COMMON SAFETY QUESTIONS

Given the understanding of the previous sections, some common questions arise about safety with electricity. Some of these, along with their answers, follow.

1. Q: If it is current that is dangerous, why do the warning signs say, “Danger! High Voltage!”? A: The answer is Ohm’s Law; if the voltage is low (generally <50V), it is incapable of producing sufficient current in the human body under normal conditions, and therefore is safe. However, if the voltage is high (generally considered >600 V), it is always very dangerous, and often fatal, because the resulting currents are so high. The high voltage is what makes the high (lethal) currents possible.

2. Q: The 12 V of an automobile battery is greater than the 9 V of a small 9-V battery, yet I can feel the 9 V on my tongue, while I cannot feel the 12 V in my hands if I hold the bare jumper cables. Why is that?  A: The answer is again Ohm’s Law. The resistance of the skin on the hands is much higher than that of the tongue, plus the tongue is wet, which further lowers the resistance. Looking over Table 1, we can see that the sensations experienced on the tongue with 9-V batteries mean that the current is in the range of 30 mA for fresh batteries, down to <5 mA for deader batteries. This means that the resistance of the tongue is about 300 S, resulting in 30 mA at 9 Volts, and only 10 mA at a relatively dead voltage of 3 V.
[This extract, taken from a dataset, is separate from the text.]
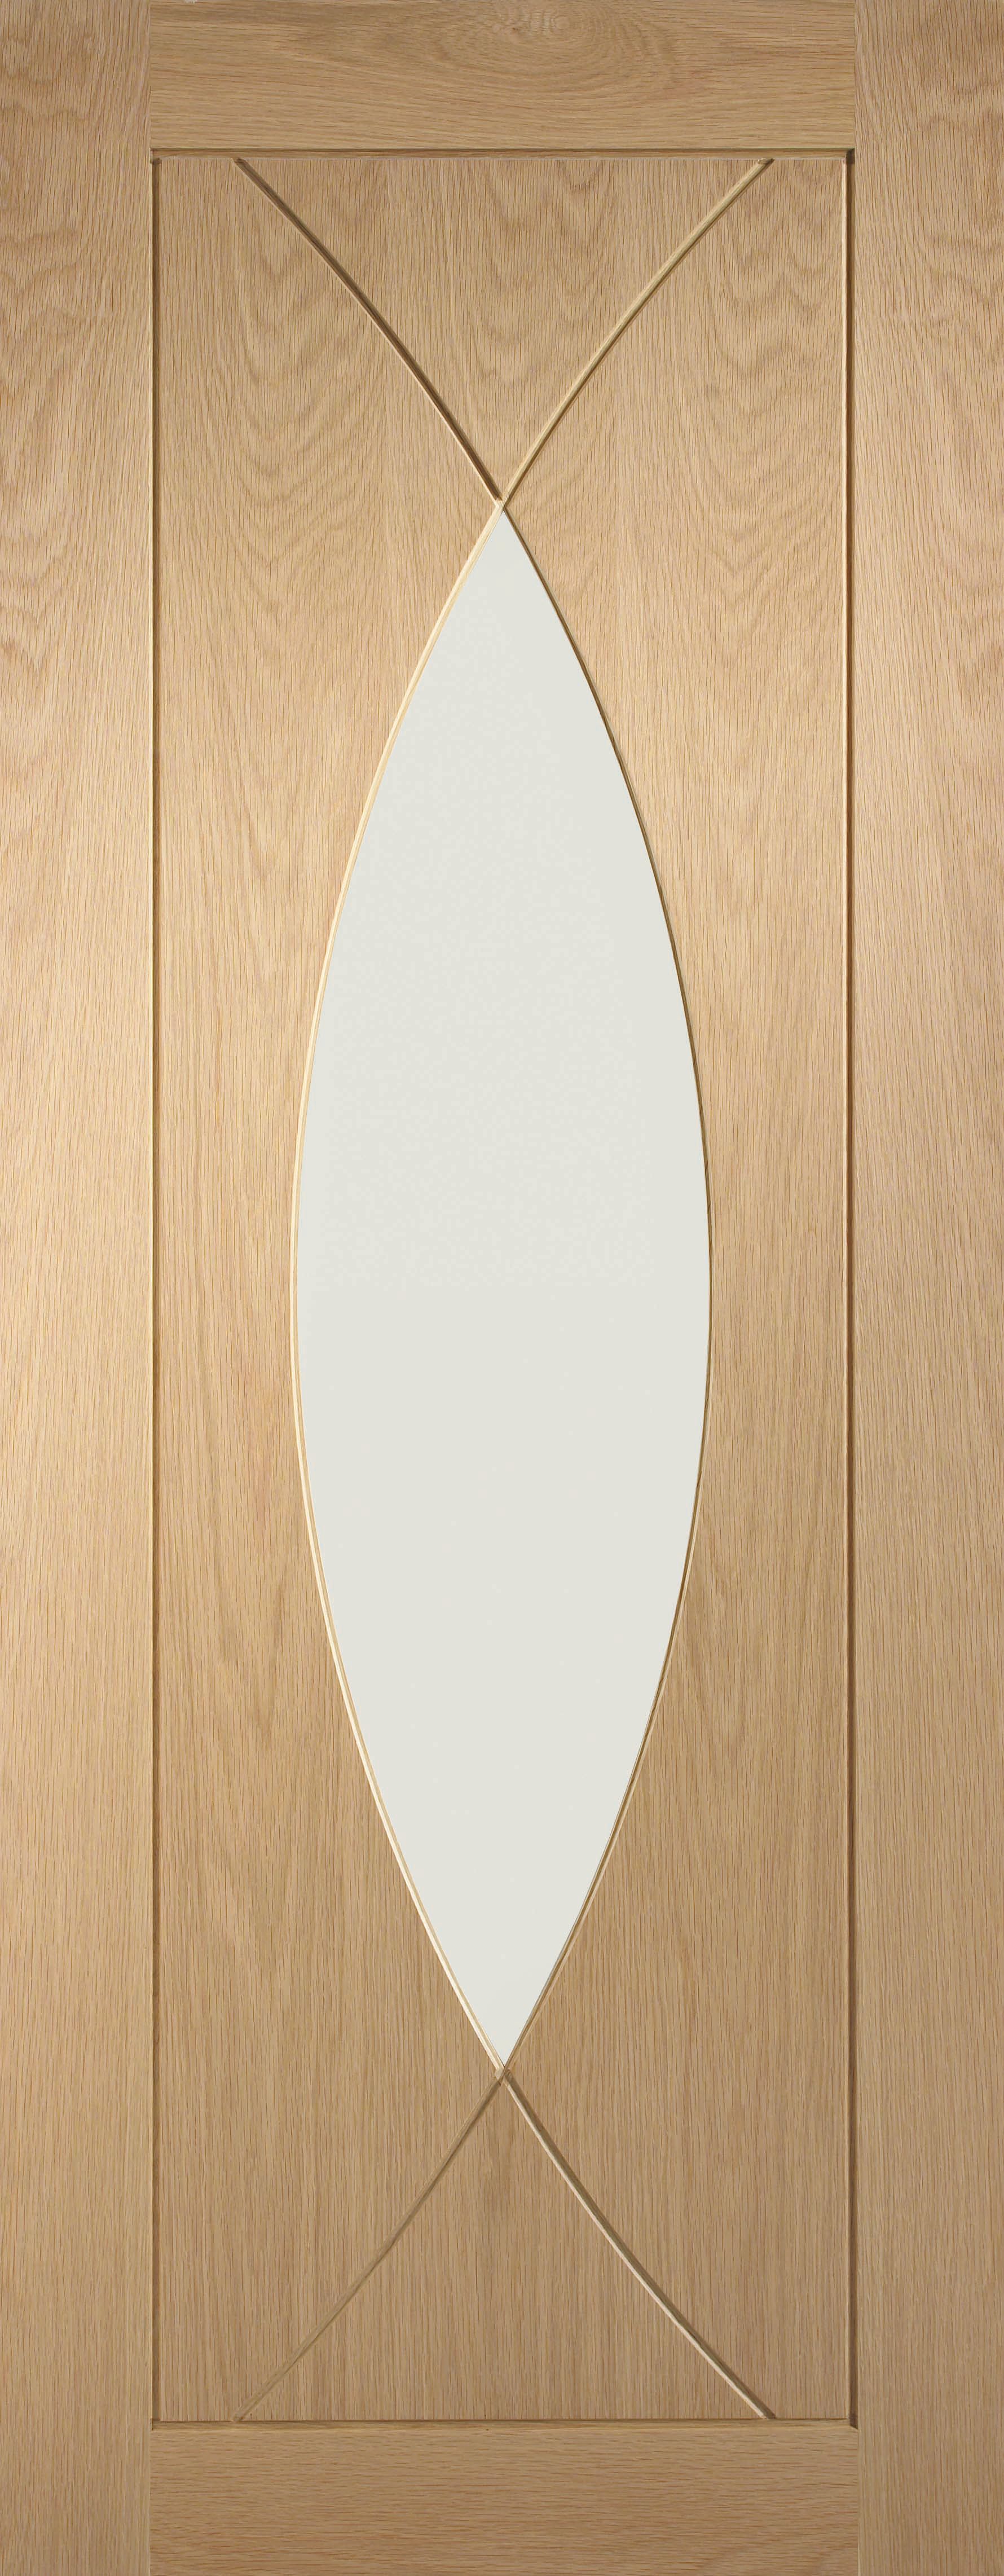 Image of XL Joinery Pesaro Glazed Oak Patterned Internal Door - 1981 x 762mm
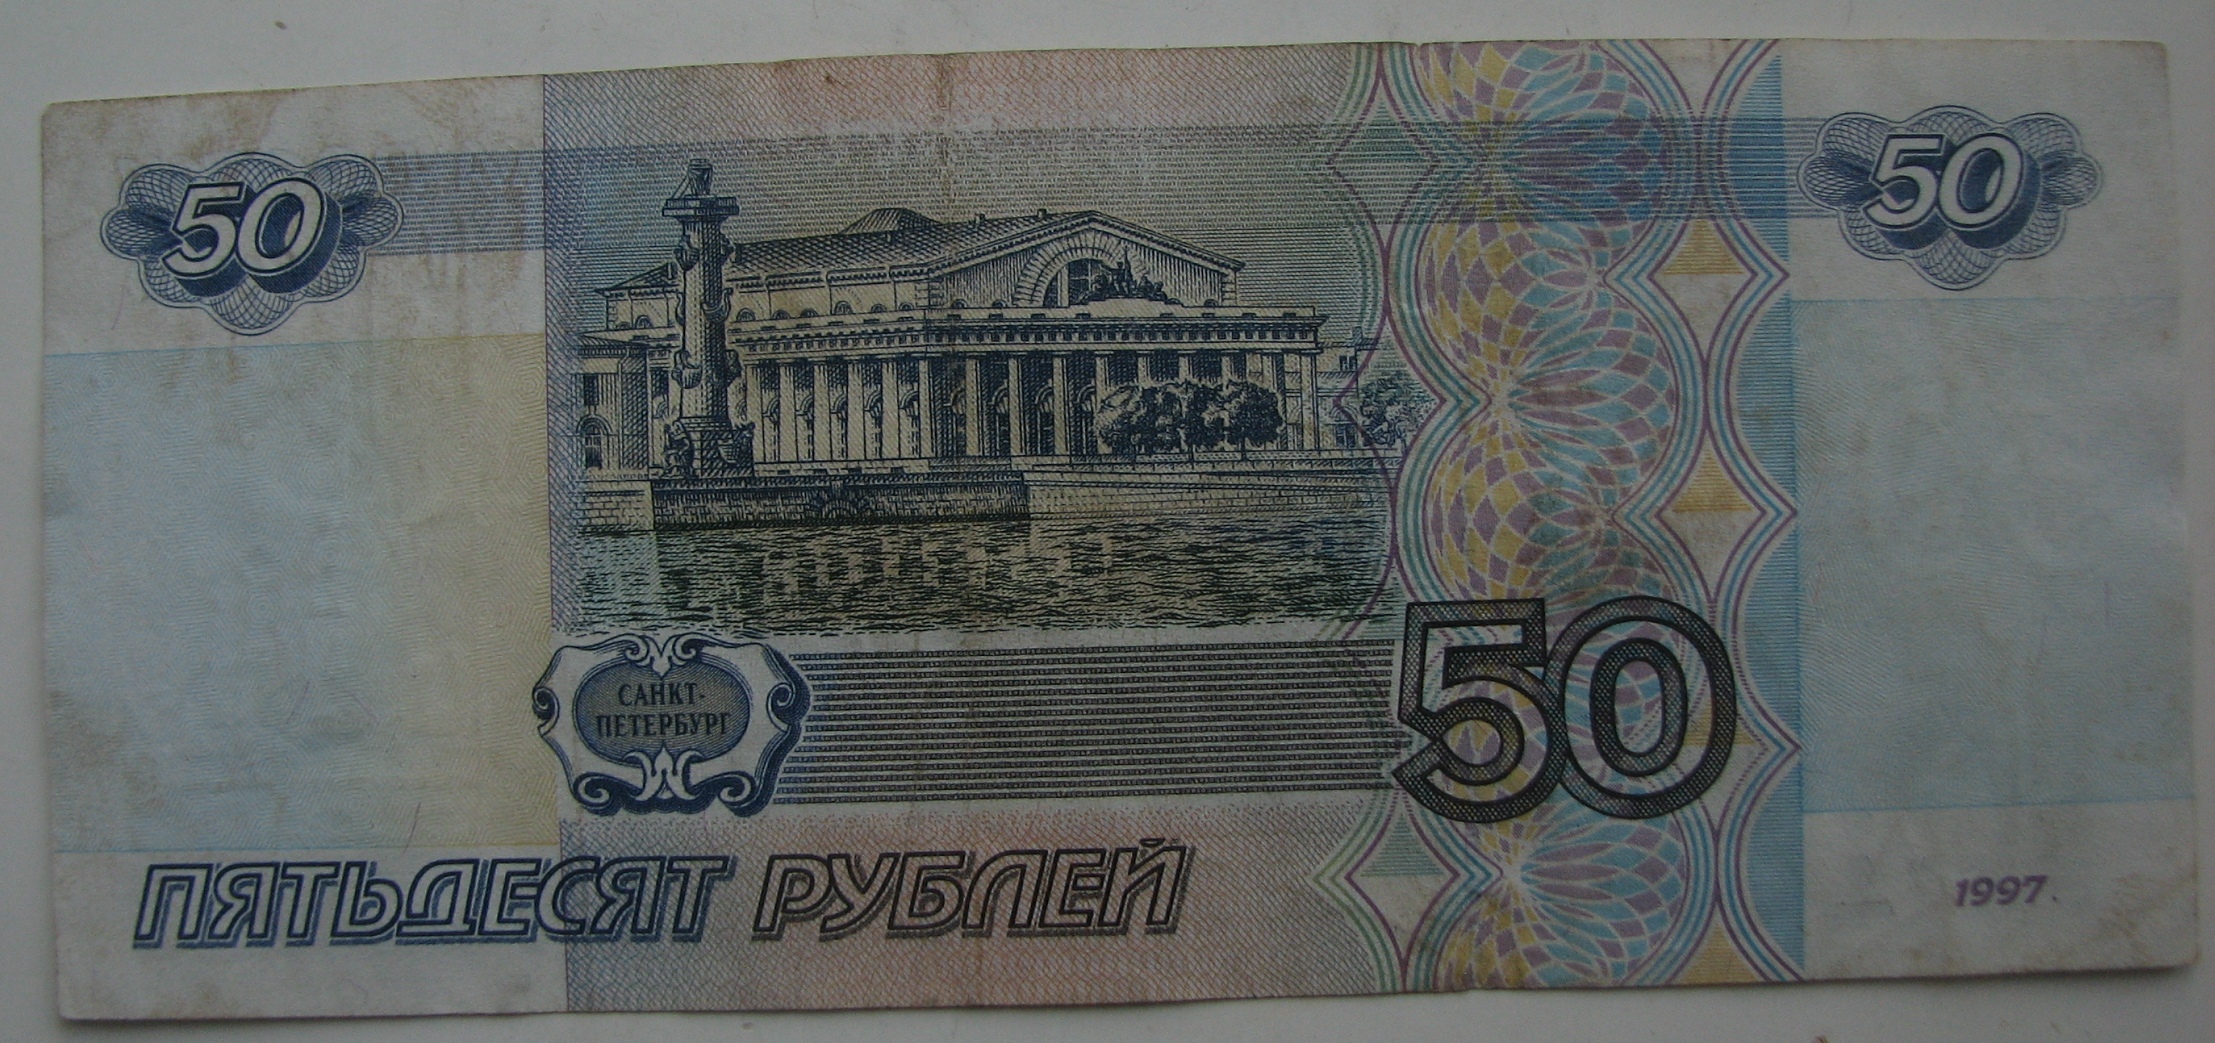 Пятьдесят руб. Купюра 50 рублей. Банкнота 50 рублей. Пятьдесят рублей банкнота. 50 Рублей 1997.

3. Q: At the county fair, I saw a person sit in an electric chair. When the voltage was turned on, they were able to touch and light up a flourescent tube held by an assistant. They were unaffected by the experience. How can this be?  A: Flourescent tubes are lit up by high voltages and low currents; for example, a 20-Watt higher-voltage flourescent tubes is lit up by 4 kV; according to the power formula, I=P/E, the current required is 20 W / 4 kV = 5 mA. This low of a current is barely perceptible to the person sitting in the electric chair.

4. Q: While using an arc welder one time, I felt a mild shock as I knelt on the workpiece. These arc welders are powered by 240 V and are capable of delivering well over 100 A; how could I have survived?  A: Arc welders DO deliver very high amperages, but they don’t need the high voltages for the welding, since there is a short circuit and thus very low resistance. The welder steps the voltage down to roughly 40 Volts, which is why you felt a tingling; however, 40 Volts is insufficient to cause bodily injury under most circumstances.

5. Q: Pure water is a relatively good insulator. Why, then, is water such a concern when discussing safety with electricity?  A: Although it is true that pure water is a reasonably good insulator, water picks up and dissolves impurities quite readily, and these impurities impart to the water a dramatically lower resistance. Also, when skin is exposed to water, especially for any extended period of time, the outer layer of dead skin cells becomes saturated with the water and the normally high resistance of this skin layer drops significantly. Water also increases the surface area over which the electricity can contact the skin, since the water fills all the air gaps normally present between the cells. The increase in surface area also lowers resistance to electricity.

CONCLUSION

The indirect dangers of electricity, although very significant, are generally much less hazardous than the direct dangers. This is because the exacerbating conditions necessary for these indirect dangers are much less common than the simple conditions necessary for simple exposure to electricity.

            The primary danger of direct exposure to electricity is coronary fibrillation, a condition which is quickly fatal if not reversed. Since we can do little to control the voltages in our homes and businesses, the only way to lower the current that enters our body if we accidentally are exposed to electricity is to keep our resistance high. This we can do by always wearing shoes and by staying dry while working on or near electricity.